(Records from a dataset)
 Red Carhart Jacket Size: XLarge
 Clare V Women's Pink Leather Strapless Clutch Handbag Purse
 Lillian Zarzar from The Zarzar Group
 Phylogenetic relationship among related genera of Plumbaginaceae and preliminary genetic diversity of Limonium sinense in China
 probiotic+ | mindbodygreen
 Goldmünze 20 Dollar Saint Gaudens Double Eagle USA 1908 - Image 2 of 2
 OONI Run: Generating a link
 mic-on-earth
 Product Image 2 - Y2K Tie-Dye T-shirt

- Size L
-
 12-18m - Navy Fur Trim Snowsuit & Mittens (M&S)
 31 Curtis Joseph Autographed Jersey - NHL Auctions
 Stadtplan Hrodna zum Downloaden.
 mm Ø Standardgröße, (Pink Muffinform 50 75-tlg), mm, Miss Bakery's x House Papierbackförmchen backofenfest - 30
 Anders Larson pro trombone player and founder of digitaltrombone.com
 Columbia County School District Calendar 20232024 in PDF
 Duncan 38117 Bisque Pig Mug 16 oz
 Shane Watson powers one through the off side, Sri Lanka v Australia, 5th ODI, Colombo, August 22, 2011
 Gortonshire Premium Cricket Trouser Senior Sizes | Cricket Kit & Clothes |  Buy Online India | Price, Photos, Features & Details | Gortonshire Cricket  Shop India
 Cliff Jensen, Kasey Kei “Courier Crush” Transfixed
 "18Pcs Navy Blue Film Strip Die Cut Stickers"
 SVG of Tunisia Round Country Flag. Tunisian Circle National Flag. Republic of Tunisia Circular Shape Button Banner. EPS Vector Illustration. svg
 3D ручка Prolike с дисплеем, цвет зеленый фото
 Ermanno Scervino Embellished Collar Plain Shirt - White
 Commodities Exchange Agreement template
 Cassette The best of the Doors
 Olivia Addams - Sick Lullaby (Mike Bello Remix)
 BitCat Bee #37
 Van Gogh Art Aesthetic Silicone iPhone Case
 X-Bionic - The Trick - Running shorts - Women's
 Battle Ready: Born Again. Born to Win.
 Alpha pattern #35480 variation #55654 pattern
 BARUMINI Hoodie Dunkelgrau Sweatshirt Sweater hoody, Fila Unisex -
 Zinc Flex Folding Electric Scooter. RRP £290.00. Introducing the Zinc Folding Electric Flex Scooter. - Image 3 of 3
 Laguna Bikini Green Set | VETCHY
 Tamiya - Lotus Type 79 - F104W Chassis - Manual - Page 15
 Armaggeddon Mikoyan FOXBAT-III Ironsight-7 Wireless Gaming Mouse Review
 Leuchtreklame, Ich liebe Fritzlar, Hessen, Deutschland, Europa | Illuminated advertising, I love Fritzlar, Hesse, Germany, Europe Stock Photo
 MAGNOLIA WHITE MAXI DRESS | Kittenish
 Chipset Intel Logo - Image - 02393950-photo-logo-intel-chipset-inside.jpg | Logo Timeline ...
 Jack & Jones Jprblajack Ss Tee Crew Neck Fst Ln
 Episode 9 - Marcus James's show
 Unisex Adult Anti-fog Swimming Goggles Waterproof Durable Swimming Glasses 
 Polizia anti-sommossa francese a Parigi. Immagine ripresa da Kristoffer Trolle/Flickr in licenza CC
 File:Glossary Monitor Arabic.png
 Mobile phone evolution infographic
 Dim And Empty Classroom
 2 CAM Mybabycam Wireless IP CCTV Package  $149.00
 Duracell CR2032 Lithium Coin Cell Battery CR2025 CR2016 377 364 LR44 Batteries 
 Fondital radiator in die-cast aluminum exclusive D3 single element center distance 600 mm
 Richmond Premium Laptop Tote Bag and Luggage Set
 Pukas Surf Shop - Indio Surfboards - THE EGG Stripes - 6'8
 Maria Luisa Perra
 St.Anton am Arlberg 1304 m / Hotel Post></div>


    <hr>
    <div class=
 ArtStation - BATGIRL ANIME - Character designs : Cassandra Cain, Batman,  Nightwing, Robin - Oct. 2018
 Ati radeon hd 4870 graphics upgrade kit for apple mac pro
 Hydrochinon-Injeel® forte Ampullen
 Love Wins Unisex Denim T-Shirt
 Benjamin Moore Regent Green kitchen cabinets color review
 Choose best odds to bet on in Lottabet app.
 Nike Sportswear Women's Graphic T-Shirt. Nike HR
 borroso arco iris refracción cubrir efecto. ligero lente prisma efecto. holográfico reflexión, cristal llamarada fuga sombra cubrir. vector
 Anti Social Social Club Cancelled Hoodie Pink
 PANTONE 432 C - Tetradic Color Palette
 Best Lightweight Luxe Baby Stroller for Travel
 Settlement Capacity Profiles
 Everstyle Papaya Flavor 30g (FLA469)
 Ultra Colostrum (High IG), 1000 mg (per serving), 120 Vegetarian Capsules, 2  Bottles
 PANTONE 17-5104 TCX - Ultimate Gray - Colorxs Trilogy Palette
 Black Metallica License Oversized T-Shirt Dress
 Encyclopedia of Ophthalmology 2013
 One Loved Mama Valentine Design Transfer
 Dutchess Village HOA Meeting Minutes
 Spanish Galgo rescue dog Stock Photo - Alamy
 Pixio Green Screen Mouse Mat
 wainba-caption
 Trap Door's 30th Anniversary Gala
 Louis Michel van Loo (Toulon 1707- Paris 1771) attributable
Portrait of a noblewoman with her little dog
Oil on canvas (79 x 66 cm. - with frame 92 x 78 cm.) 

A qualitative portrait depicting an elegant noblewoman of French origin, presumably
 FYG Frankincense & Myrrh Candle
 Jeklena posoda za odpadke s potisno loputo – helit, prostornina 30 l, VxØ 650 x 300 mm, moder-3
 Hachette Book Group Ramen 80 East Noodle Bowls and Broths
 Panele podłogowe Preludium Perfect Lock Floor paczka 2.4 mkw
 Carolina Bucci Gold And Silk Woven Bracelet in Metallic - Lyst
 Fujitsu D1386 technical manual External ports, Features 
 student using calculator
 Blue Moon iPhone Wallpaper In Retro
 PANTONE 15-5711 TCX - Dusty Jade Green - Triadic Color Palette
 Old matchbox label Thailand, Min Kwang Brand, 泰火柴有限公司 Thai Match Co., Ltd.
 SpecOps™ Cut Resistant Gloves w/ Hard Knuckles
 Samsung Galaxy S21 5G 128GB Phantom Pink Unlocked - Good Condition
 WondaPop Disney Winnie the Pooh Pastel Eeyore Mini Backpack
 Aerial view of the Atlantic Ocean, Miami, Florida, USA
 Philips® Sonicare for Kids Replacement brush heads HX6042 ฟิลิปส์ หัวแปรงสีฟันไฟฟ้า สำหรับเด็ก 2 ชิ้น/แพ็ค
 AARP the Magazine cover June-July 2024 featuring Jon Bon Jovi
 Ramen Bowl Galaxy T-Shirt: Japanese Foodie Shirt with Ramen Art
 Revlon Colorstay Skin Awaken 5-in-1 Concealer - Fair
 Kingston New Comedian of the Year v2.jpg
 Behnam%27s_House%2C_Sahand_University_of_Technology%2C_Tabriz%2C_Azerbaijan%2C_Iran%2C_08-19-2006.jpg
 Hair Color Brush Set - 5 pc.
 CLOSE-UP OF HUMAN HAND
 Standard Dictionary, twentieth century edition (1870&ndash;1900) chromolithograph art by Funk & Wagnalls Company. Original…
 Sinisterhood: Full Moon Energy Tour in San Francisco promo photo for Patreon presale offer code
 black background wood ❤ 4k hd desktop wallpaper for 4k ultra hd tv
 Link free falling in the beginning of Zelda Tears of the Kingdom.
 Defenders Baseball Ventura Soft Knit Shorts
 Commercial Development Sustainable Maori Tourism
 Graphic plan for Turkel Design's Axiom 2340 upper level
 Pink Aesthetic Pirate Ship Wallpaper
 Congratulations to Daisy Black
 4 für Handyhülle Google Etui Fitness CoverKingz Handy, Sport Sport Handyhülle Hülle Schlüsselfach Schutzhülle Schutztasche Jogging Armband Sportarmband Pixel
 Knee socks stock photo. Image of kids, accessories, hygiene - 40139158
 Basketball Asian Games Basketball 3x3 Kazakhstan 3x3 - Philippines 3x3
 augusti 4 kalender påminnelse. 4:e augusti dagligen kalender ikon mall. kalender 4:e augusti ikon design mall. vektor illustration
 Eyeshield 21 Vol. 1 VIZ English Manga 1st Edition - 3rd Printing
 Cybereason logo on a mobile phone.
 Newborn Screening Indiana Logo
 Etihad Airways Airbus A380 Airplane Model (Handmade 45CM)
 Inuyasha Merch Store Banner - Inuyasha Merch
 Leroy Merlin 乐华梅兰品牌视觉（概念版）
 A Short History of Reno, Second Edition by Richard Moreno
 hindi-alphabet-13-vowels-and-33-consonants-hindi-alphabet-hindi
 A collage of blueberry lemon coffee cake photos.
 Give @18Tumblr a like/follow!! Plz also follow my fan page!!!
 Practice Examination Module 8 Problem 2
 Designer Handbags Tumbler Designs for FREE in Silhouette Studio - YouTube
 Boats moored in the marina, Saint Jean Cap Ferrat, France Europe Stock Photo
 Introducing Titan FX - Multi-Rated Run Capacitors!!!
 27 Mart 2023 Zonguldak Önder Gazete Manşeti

■ **What you have to do**: All that is wanted is the stretch of lines above from the one containing "Phylogenetic relationship among" through the one containing "Alpha pattern #35480", duplicated exactly.

■ **Result of the exercise**:
 Phylogenetic relationship among related genera of Plumbaginaceae and preliminary genetic diversity of Limonium sinense in China
 probiotic+ | mindbodygreen
 Goldmünze 20 Dollar Saint Gaudens Double Eagle USA 1908 - Image 2 of 2
 OONI Run: Generating a link
 mic-on-earth
 Product Image 2 - Y2K Tie-Dye T-shirt

- Size L
-
 12-18m - Navy Fur Trim Snowsuit & Mittens (M&S)
 31 Curtis Joseph Autographed Jersey - NHL Auctions
 Stadtplan Hrodna zum Downloaden.
 mm Ø Standardgröße, (Pink Muffinform 50 75-tlg), mm, Miss Bakery's x House Papierbackförmchen backofenfest - 30
 Anders Larson pro trombone player and founder of digitaltrombone.com
 Columbia County School District Calendar 20232024 in PDF
 Duncan 38117 Bisque Pig Mug 16 oz
 Shane Watson powers one through the off side, Sri Lanka v Australia, 5th ODI, Colombo, August 22, 2011
 Gortonshire Premium Cricket Trouser Senior Sizes | Cricket Kit & Clothes |  Buy Online India | Price, Photos, Features & Details | Gortonshire Cricket  Shop India
 Cliff Jensen, Kasey Kei “Courier Crush” Transfixed
 "18Pcs Navy Blue Film Strip Die Cut Stickers"
 SVG of Tunisia Round Country Flag. Tunisian Circle National Flag. Republic of Tunisia Circular Shape Button Banner. EPS Vector Illustration. svg
 3D ручка Prolike с дисплеем, цвет зеленый фото
 Ermanno Scervino Embellished Collar Plain Shirt - White
 Commodities Exchange Agreement template
 Cassette The best of the Doors
 Olivia Addams - Sick Lullaby (Mike Bello Remix)
 BitCat Bee #37
 Van Gogh Art Aesthetic Silicone iPhone Case
 X-Bionic - The Trick - Running shorts - Women's
 Battle Ready: Born Again. Born to Win.
 Alpha pattern #35480 variation #55654 pattern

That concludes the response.